▶ Exercise prompt: Your answer must be an exact transcription of the data, with every picture omitted.

▶ Recorded information:
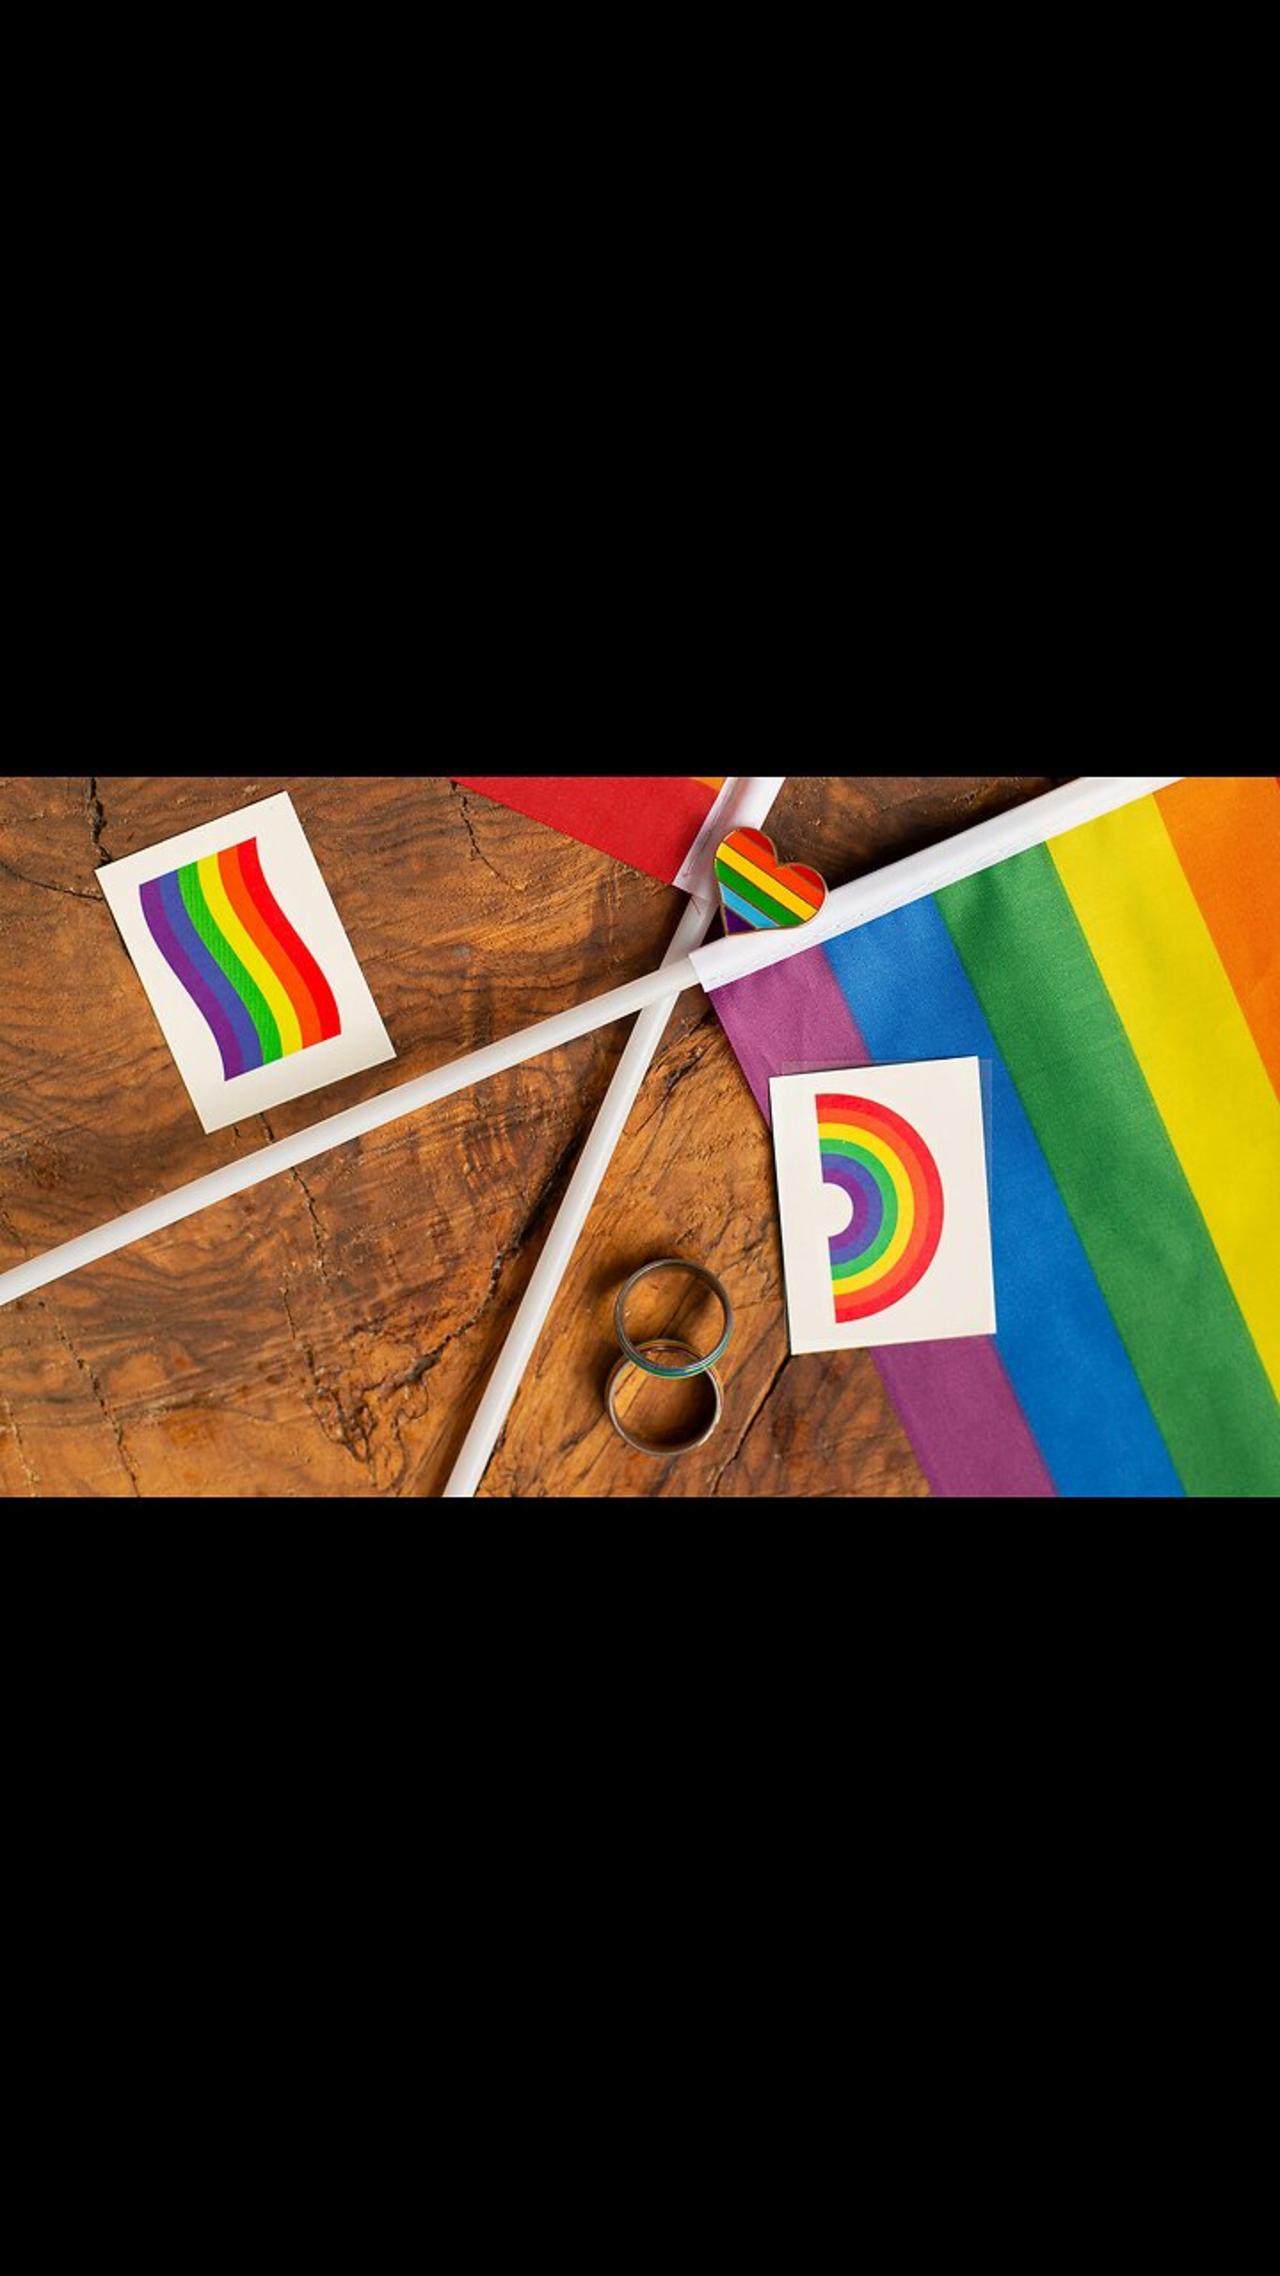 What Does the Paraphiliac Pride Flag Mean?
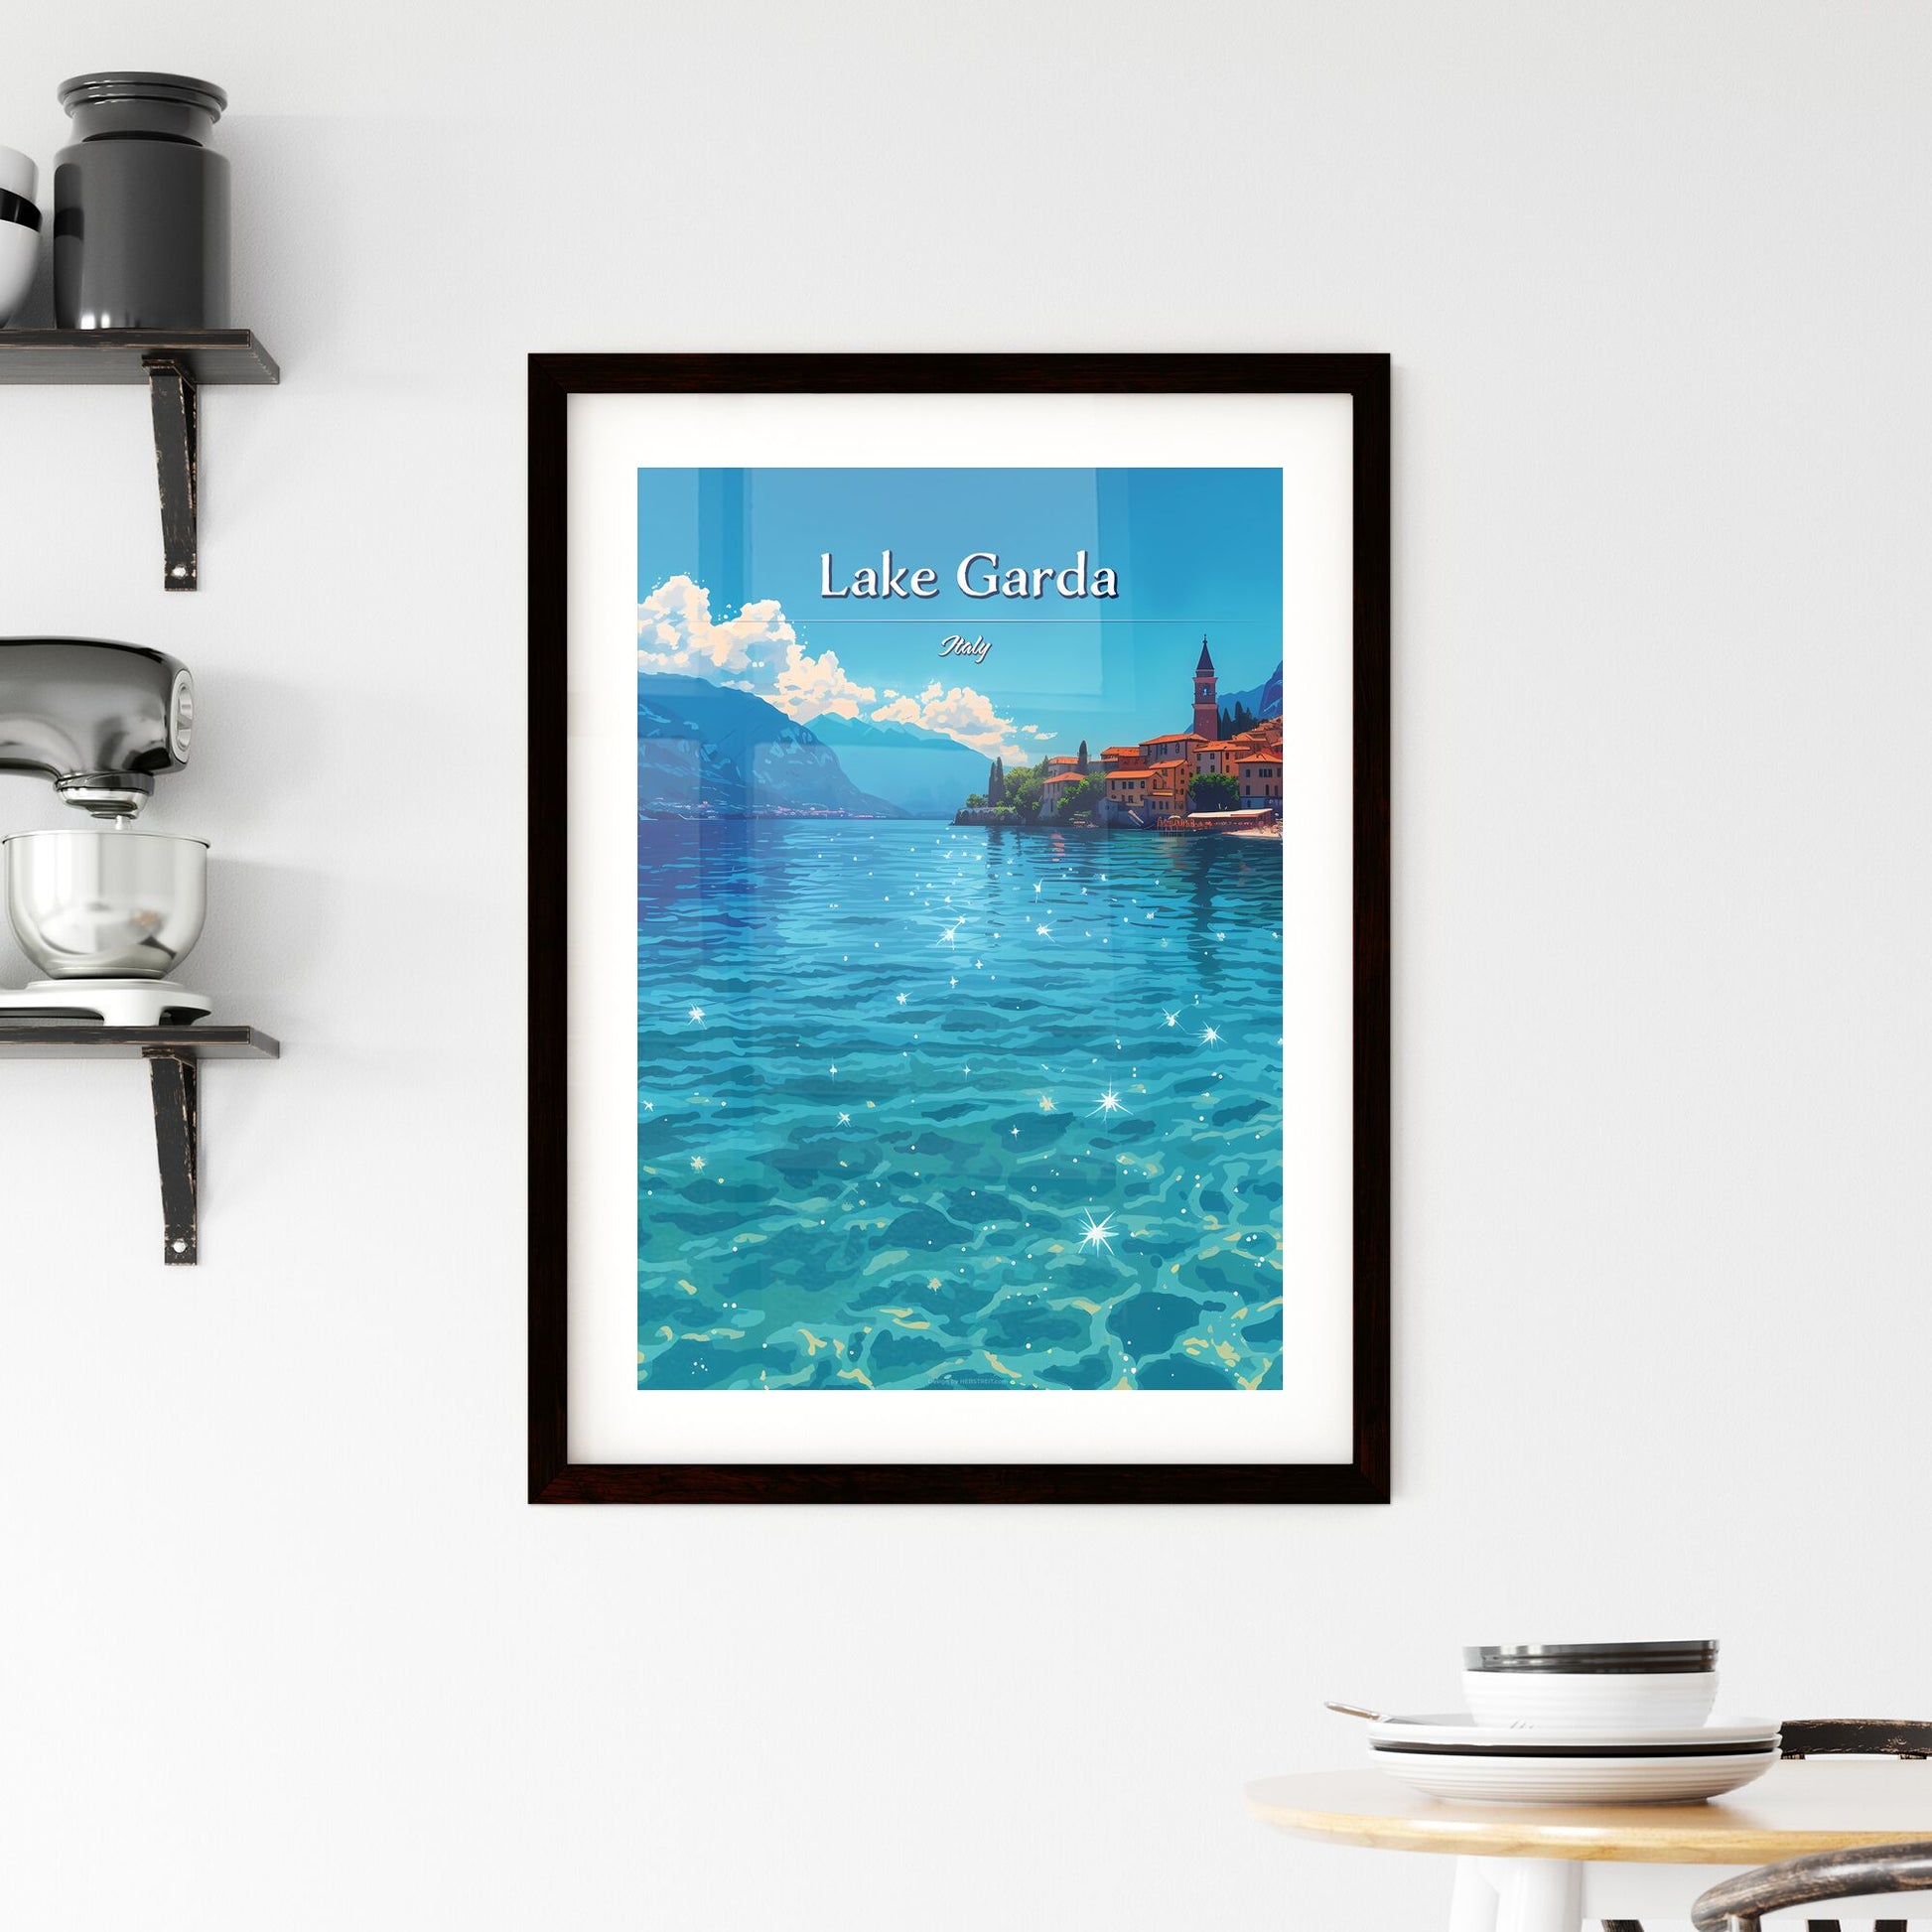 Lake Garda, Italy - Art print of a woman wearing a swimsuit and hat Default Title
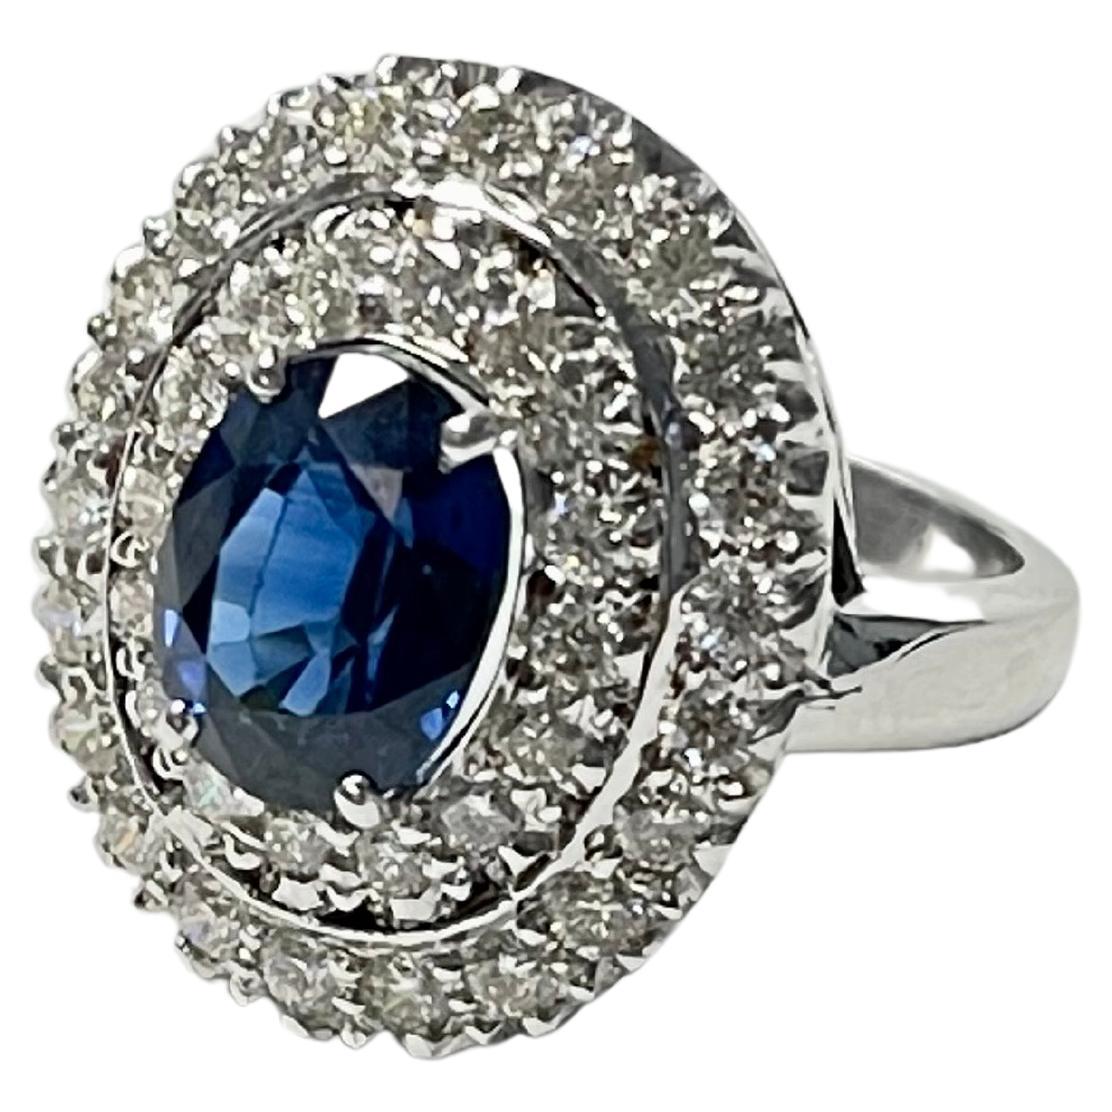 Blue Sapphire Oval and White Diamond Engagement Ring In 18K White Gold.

▶ Answer for this exercise:
 What Does the Paraphiliac Pride Flag Mean?
 Lake Garda, Italy - Art print of a woman wearing a swimsuit and hat Default Title
 Blue Sapphire Oval and White Diamond Engagement Ring In 18K White Gold.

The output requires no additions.